A ^ not at the beginning and a $ not at the end are also taken literally, and so are *, + and ? if they appear in a context where they are not metacharacters. Think about the regular expression ***: the first and third *'s are not metacharacters. The TPOP code works this way already; if you don't change this part, it will still work.
You have to submit a single C file regexp.c that contains only your function definitions. The only name that should be visible outside your regexp.c is match, so everything else must be declared static. Your code in regexp.c does not print anything ever, nor does it ever exit or abort; it is a grievous error to do any of these. Do not use or include eprintf in your submission.
We will test your code by compiling and linking your regexp.c with our own driver (a straightforward modification of grep.c), using this declaration only:
int match(const char *re, const char *s);
and this compile command:
gcc -pedantic -ansi -Wall [our]grep.c [your]regexp.c
Your code must compile and link without change and without warning messages. Note that match's arguments are const; your code must not change their contents.
For calibration, my regexp.c is about 100 lines long with ordinary formatting, blank lines, etc.; if your solution is a lot longer than this, you are probably off on the wrong track.
The file /u/cos333/asgn0/refgrep on penguins is a reference implementation of grep using our regexp.c; you can use it as a check to confirm that you're getting the same answers, but in cases of disagreement, the definition of regular expressions determines who wins, not the reference implementation. (We're human too.)
Don't get wrapped up in language lawyering; the task is to convert the original code to our definition, not to invent your own regular expresion definition. Follow the original code. Do not under any circumstances create your own matching algorithm or reinterpret what a regular expression is!
It is always best to attack such a task in stages, making sure each one works before the next one is started. I started with the + metacharacter, then ?, then added the shorthands, then isolated matching into regexp.c, testing after each stage.
Define suitable functions rather than writing everything in one routine. When you add code for + and ?, use separate functions but call on ones that already exist where possible. Process the shorthands first into a better representation before doing any matching; use a single function to handle shorthand matching. (Hint: this program only has to work with 7-bit ASCII so you can use the 8th bit to encode metacharacterness.) Keep it simple: this program does not need to be fast, or save memory, or be the slightest bit clever. As is true with all programming, trying to be fast and/or clever is a recipe for disaster. If things go wrong, use printf or master a debugger, or both. Here's my one-page cheat sheet on gdb, and the much more extensive GDB reference and tutorial from COS 217.

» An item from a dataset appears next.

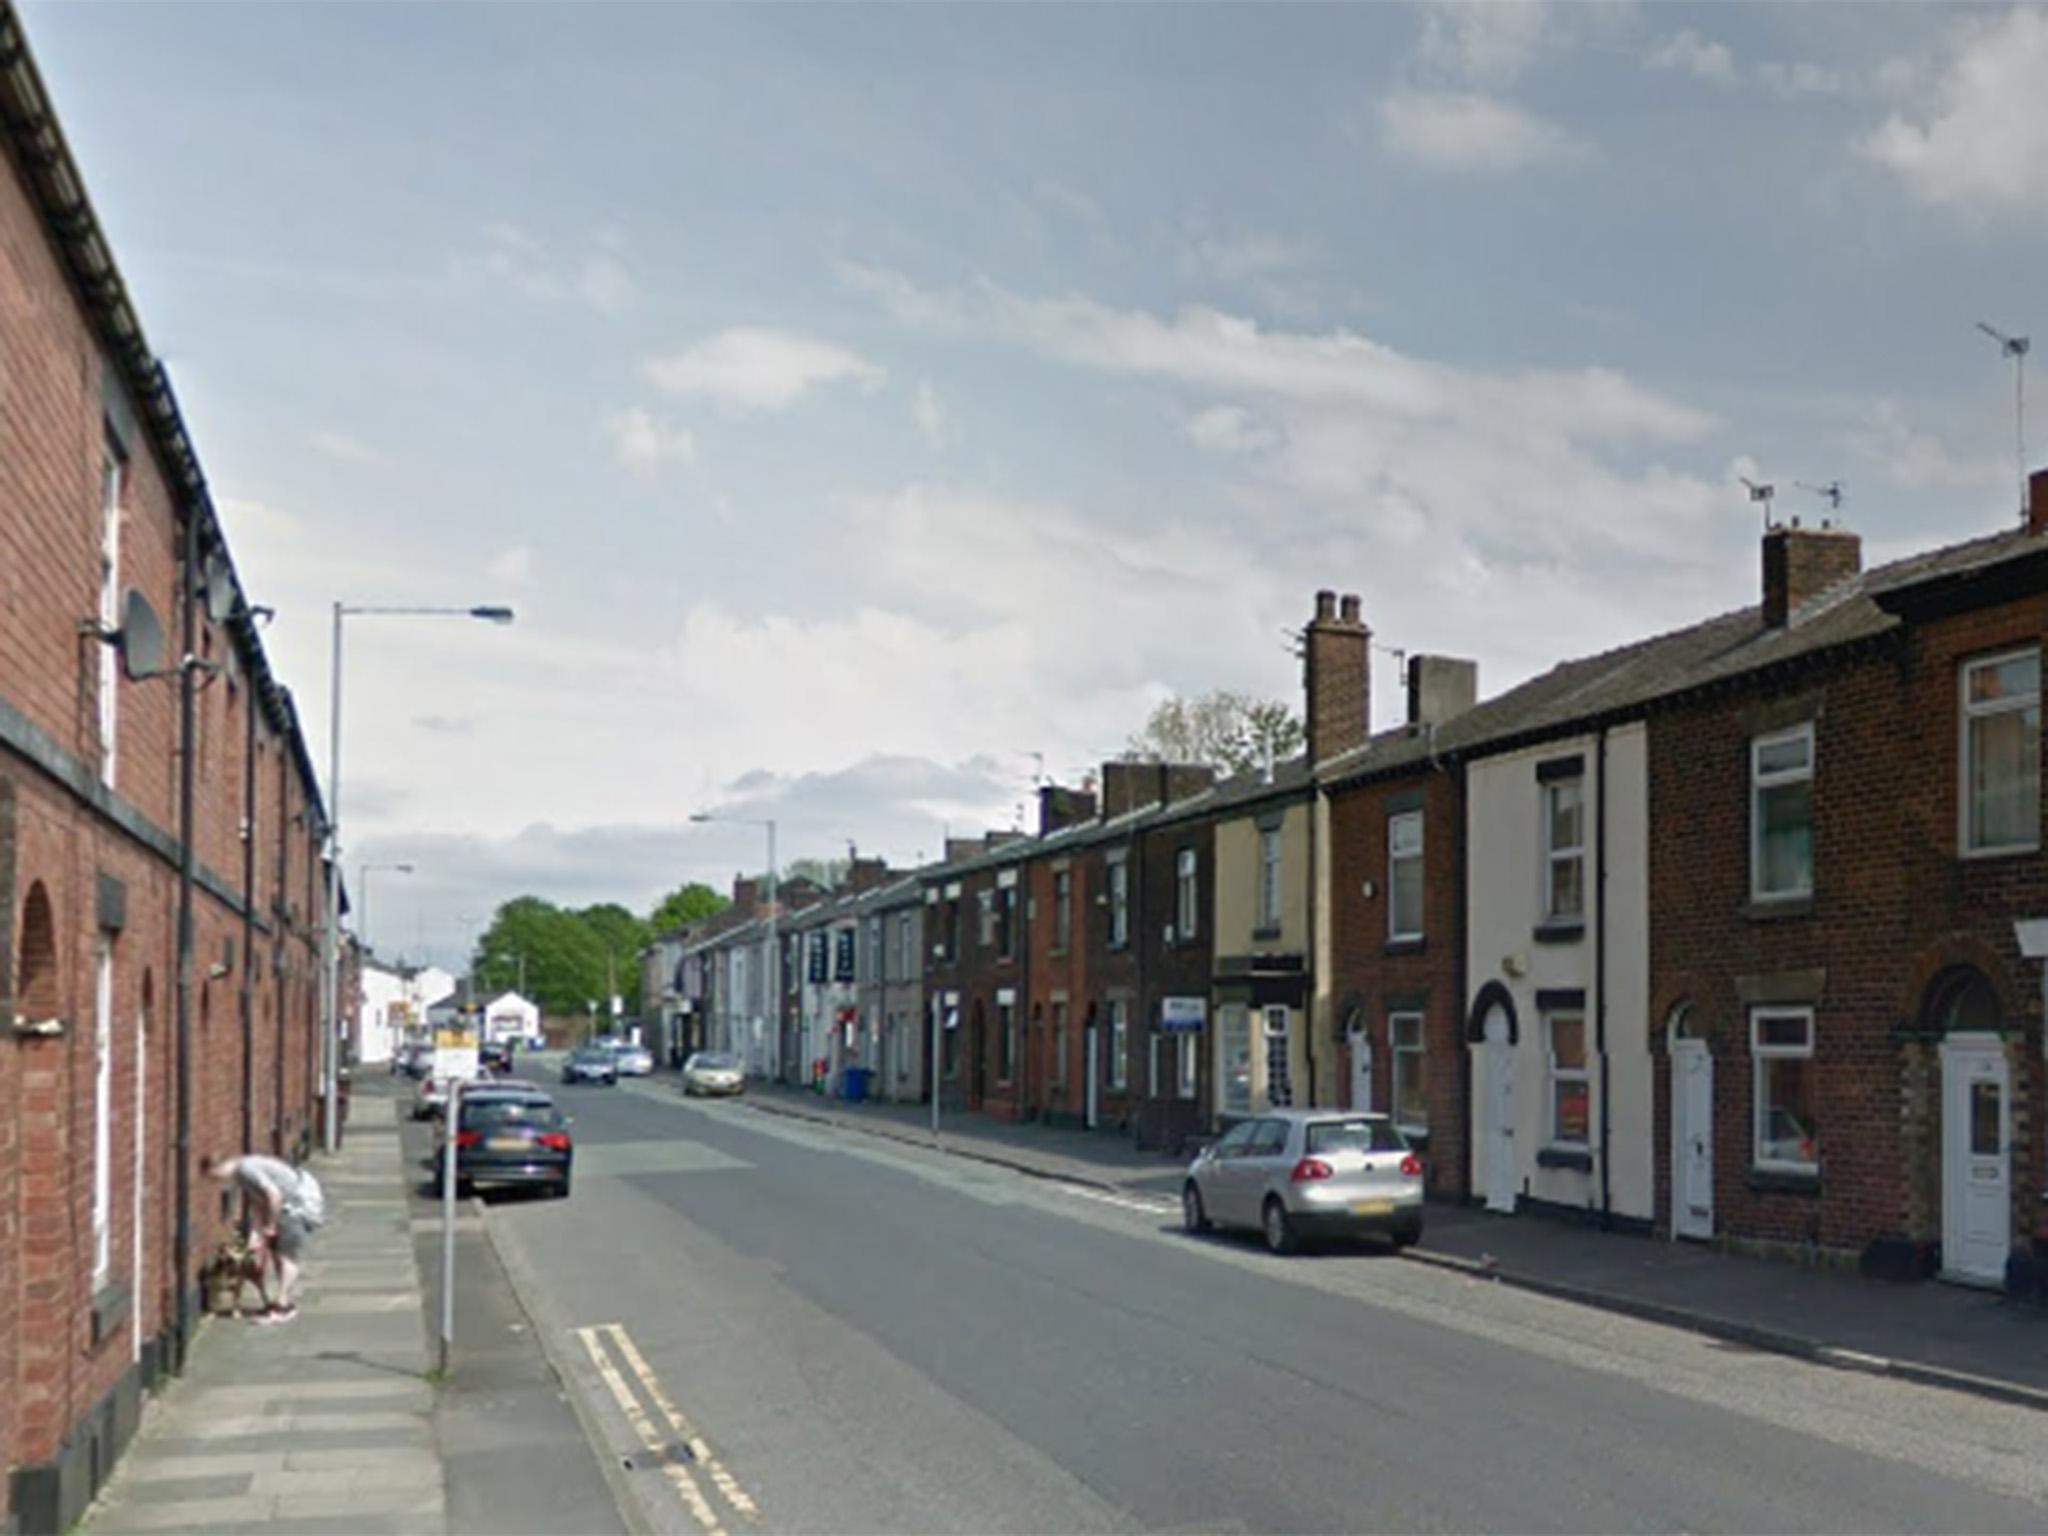 The incident occured on Cross Lane in Radcliffe, Greater Manchester

Talking over the precise meaning of the assignment with friends, the TAs, and Piazza is encouraged. You must write your code yourself, however, so once you start coding, you may no longer discuss programming issues with other students.
You are strongly advised to make up good test cases to make sure that your program works. Assignment 1 will require you to submit test cases, so if you do this now, life will be easier in the future.
Submit your regexp.c using the CS Dropbox. [updated 2/10:] You can submit multiple times; we'll grade the last one that arrives. The check script will give you some indication of how well your program appears to work when you submit so you can try again.
We'll probably grade this out of 100 somewhat along these lines:
Please follow the rules on what to submit. It will be a help if you get the filenames right and submit exactly what's asked for. Thanks.